Scope
A security assessment of a cross-border data transfer should focus on the following aspects:
- the necessity of the cross-border data transfer;
- the personal information involved, including the amount, scope, type, and degree of sensitivity; and whether the data subject has consented to the cross-border transfer of his/her personal information, etc.;
- the important data involved, including the amount, scope, type, degree of sensitivity of the important data, etc.;
- the security measures, capability and level of security protection of the data receiver, and the cybersecurity environment of the country or region in which the data receiver is located;
- risks of leakage, damage, tampering and abuse of data after the cross-border data transfer or subsequent re-transfer;
- risk of harm to national security, social public interest and individual legitimate interests arising from the cross-border transfer and convergence of data; and
- other important aspects that need to be assessed.
Based on the above, network operators must first prove the necessity of a cross-border data transfer before the data can be transferred out of China. However, the Measures have yet to provide any standard of proof in this respect. We understand that network operators may prove the necessity of a cross-border data transfer by explaining in detail the actual business needs.
Self-assessment
Under the Measures, a network operator should organise a security assessment on its own initiative prior to a cross-border data transfer taking effect. Network operators are to be responsible for the results of security assessments - meaning that network operators will be held liable if there is any violation in relation to the security assessments. They will also be held liable if they do not proactively conduct self-assessments prior to cross-border data transfers.

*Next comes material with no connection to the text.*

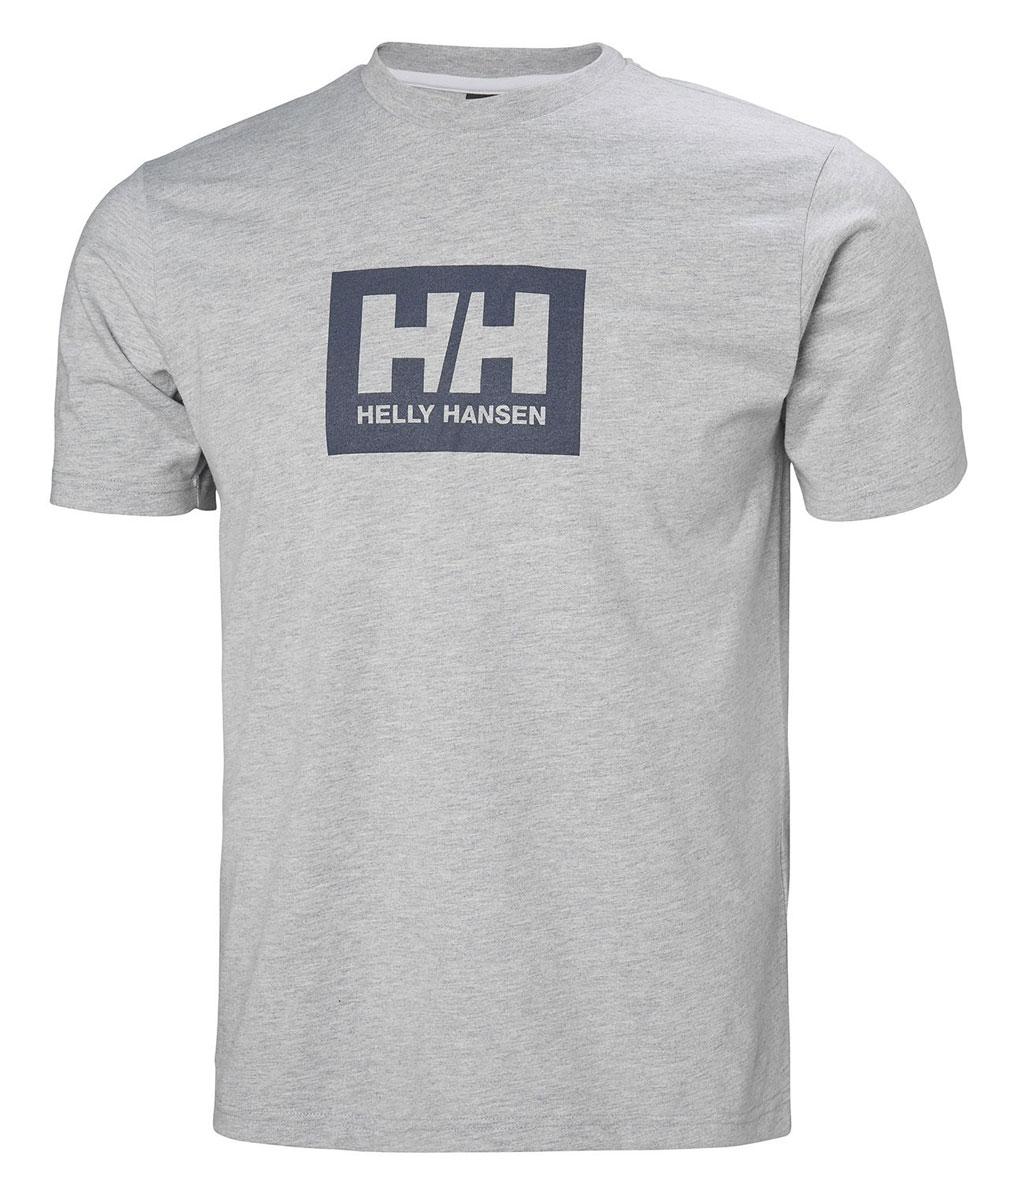 Худи Helly Hansen Tokyo Hoodie худи мужское helly hansen tokyo hoodie цвет светло серый 53289 949 размер l 50

However, the Measures fail to provide specific punitive measures for network operators violating such obligations.
Regulator assessment
Network operators should report to their respective industry regulators for the relevant regulator to organise a security assessment under any of the following circumstances:
- the data contains (or accumulatively contains) personal information of more than 500,000 individuals;
- the amount of data exceeds 1,000GB;
- the data contains information regarding nuclear facilities, chemical biology, national defense or military, population health, data related to large-scale engineering activities, the marine environment, or sensitive geographic information;
- the data contains cybersecurity information, such as system vulnerabilities or security measures relating to critical information infrastructure;
- provision of personal information or important data to overseas receivers by operators of CII; or
- other circumstances that may affect the national security and social public interests and are considered to be subject to assessment by the industry regulators or regulatory authorities.

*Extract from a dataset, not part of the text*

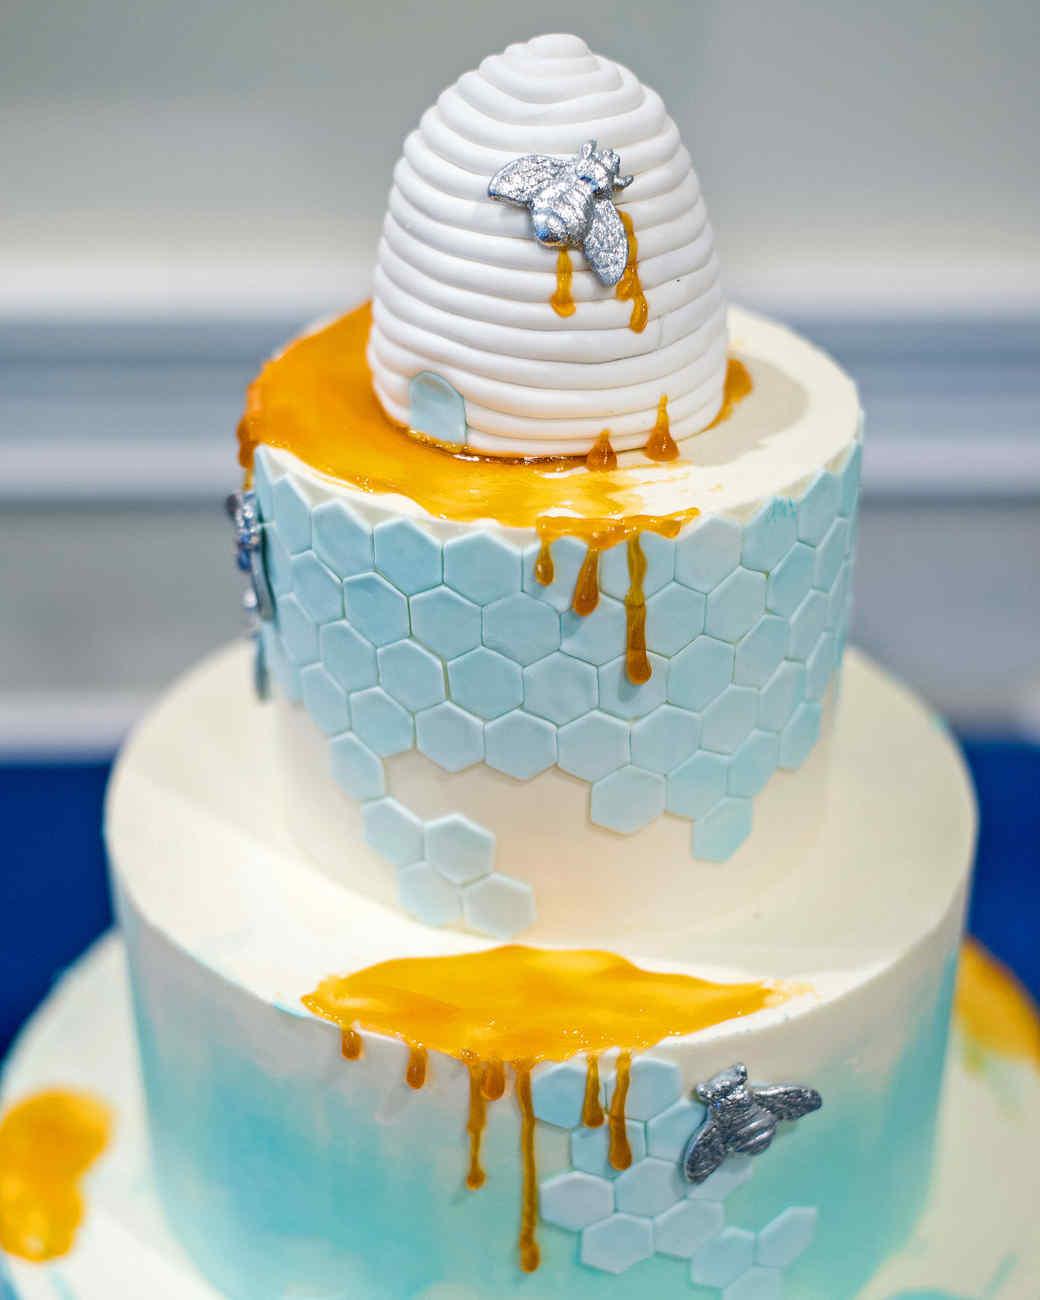 mangiolino cake tight closeup

Security assessment organised by industry regulators must be completed within 60 working days, and the results will be reported to CAC. Data will be prohibited from being transferred out of China under any of the following circumstances:
- the data subject does not consent to the cross-border transfer of his/her personal information, or if such transfer may bring harm to personal rights and interests;
- the cross-border data transfer poses risks to the security of State politics, the economy, technology, or national defense, and may affect national security or harm social and public interests; or
- other circumstances in which CAC, public security departments, or national security departments determine that the data is prohibited from being transferred out of China.
It is clear from item (1) above that network operators must first obtain the consent from data subjects prior to cross-border data transfers. The Measures do not provide how the circumstances (1) to (3) above are determined. It is expected that subsequent national standards or guidelines may be issued to shed light on this.

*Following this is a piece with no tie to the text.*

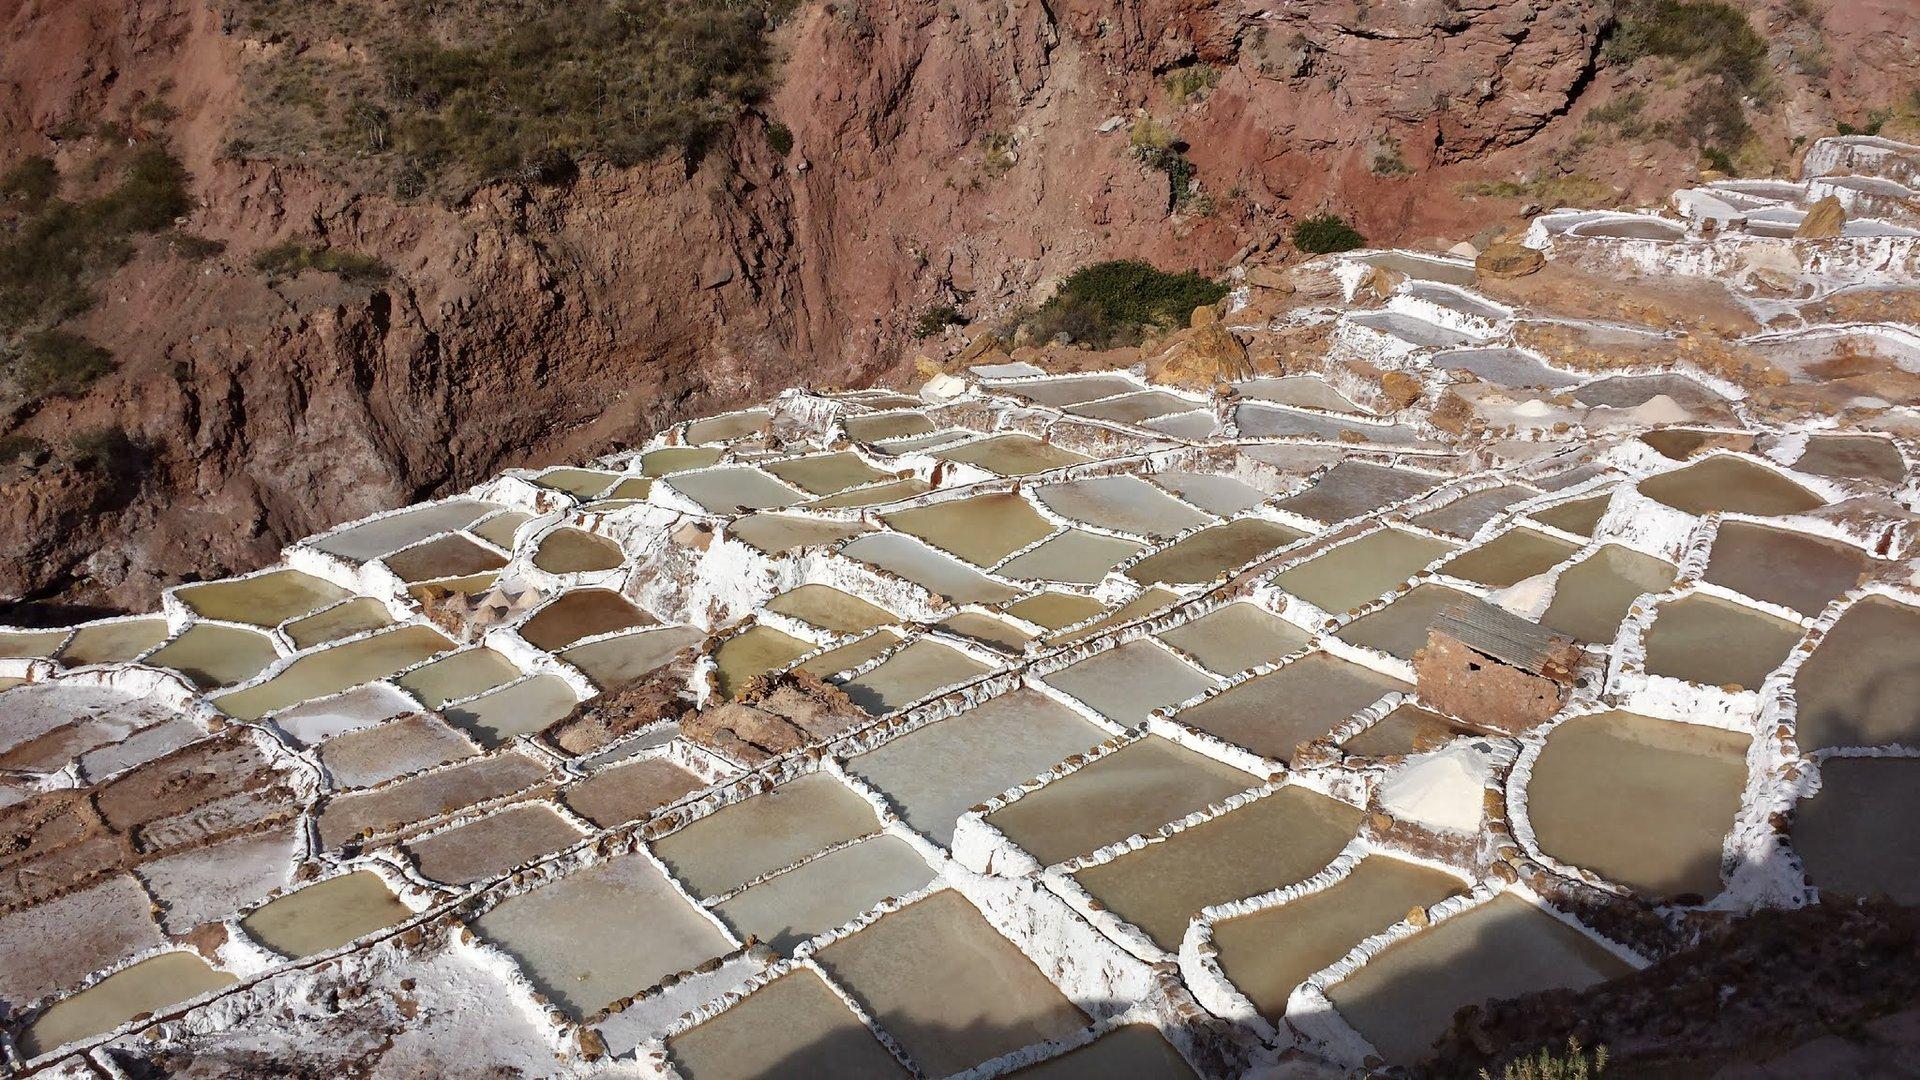 Salinas de Mara dans la vallée sacrée près de Cuzco

Annual assessment and re-assessment
After the initial self-assessment or regulator assessment prior to the cross-border data transfer, network operators are not required to carry out a security assessment every time they transfer the data out of China. Instead, network operators must conduct a security assessment at least once a year, and report the results to their respective industry regulators.
If the data recipient is changed, or there is any substantial change to the purpose, scope, amount, or type of the cross-border data transfer, or there is any material security incident relating to the data recipient or the data transferred out of China, a security assessment must be re-conducted in a timely manner.